Aided Design (CAM) and CAM (Computer Aided Production: Computer Aided Manu)
factoring) data (for example, DXF (Drawing Interchange)
File) format data, or STL (Stereolithography) of 3D System Co., Ltd.
The data is in the form of an interface format). Specifically, the shaping data is read by a laser processing apparatus, and a laser beam is emitted into the transparent material according to the data. When converting the three-dimensional coordinate data (for example, the data in the PDB format) into the data in the DXF format or the data in the STL format,
As the above conversion program, molecular display software of a material (substance) design support system (for example, Molecu)
lar Simulation WebLab Vi
The above various molecular model representations are converted to VRML (VirtualR) using the newerLite (trademark software).
ease Modeling Language)
The data is converted into data in a format, and further converted by a conversion software (for example, 3D Studio Max software of Autodesk) into a DXF format for modeling or the above 3D format.
There is a method of converting the data into D System STL format data.

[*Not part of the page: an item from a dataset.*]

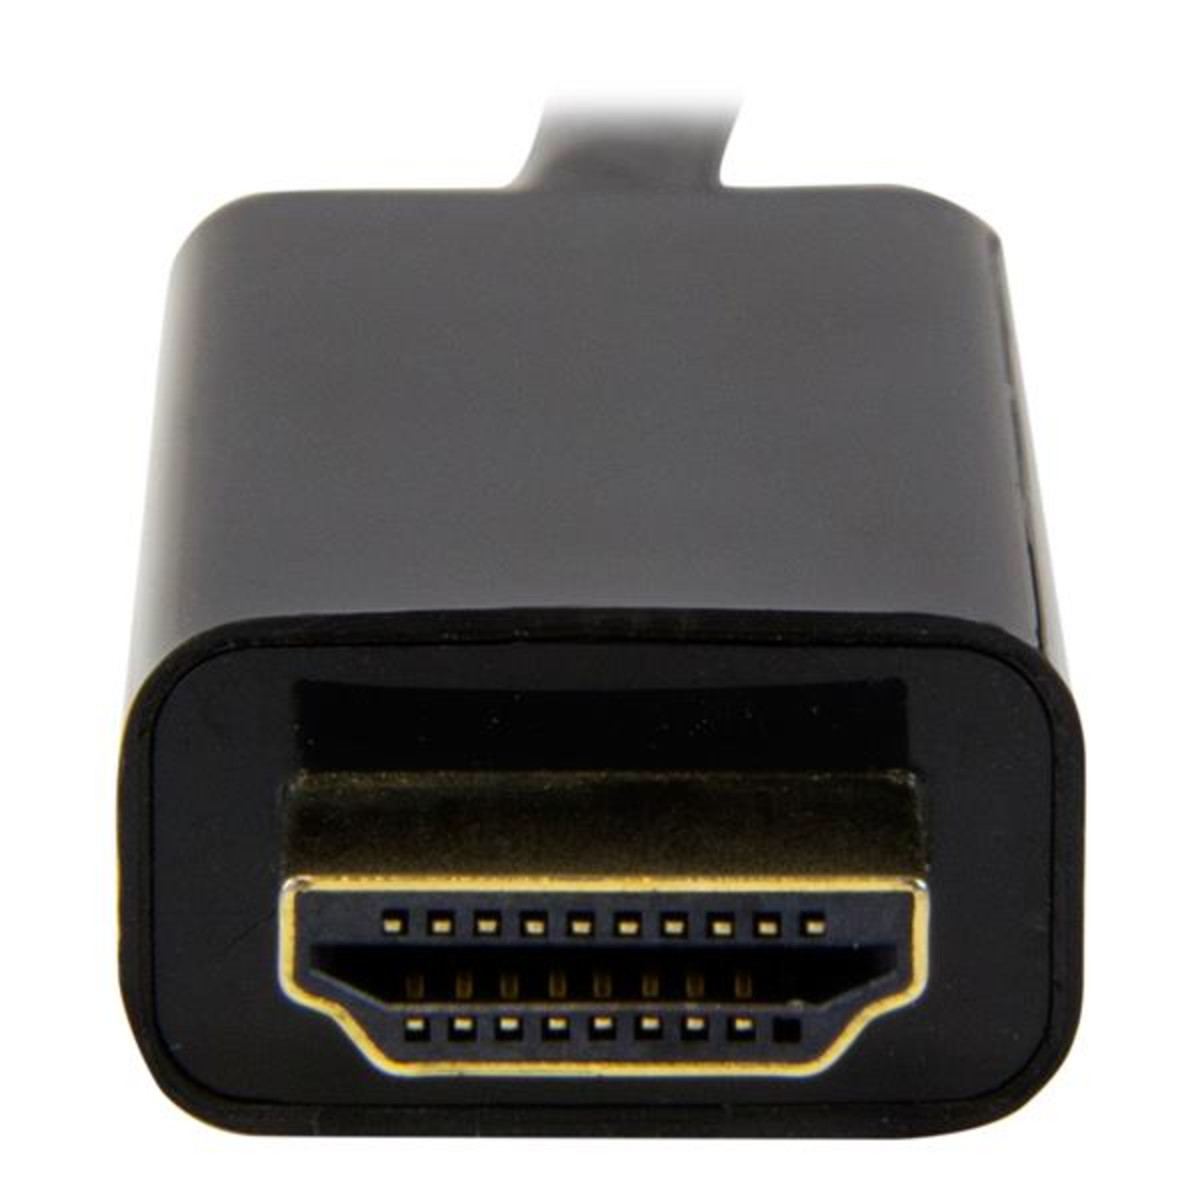 Mini DP to HDMI converter cable

According to the present invention, since the three-dimensional coordinate data created to display the microstructure is used, the microstructure display model has extremely high accuracy.

The fourth invention (the invention according to claim 4)
The present invention relates to a method for forming a microstructure display model, comprising: a three-dimensional data creation step of creating three-dimensional data for displaying a microstructure on a display device connected to a computer; and a three-dimensional data creation step. A data conversion step of converting the three-dimensional data created by the laser processing apparatus into modeling data read by the laser processing apparatus; and driving the laser processing apparatus by the modeling data converted by the data conversion step, thereby forming a transparent material. And a molding step of irradiating the transparent material with laser light to cause optical damage to the transparent material.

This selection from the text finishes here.